Exercise instructions: Only one stretch of the listing below is wanted: the line with "Land rover lr3" and all lines after it. Reproduce that stretch exactly.

Provided material:
Start of Block
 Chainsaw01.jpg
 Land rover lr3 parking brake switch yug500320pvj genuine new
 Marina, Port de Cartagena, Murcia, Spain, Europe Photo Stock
End of Block
Your response:
 Land rover lr3 parking brake switch yug500320pvj genuine new
 Marina, Port de Cartagena, Murcia, Spain, Europe Photo Stock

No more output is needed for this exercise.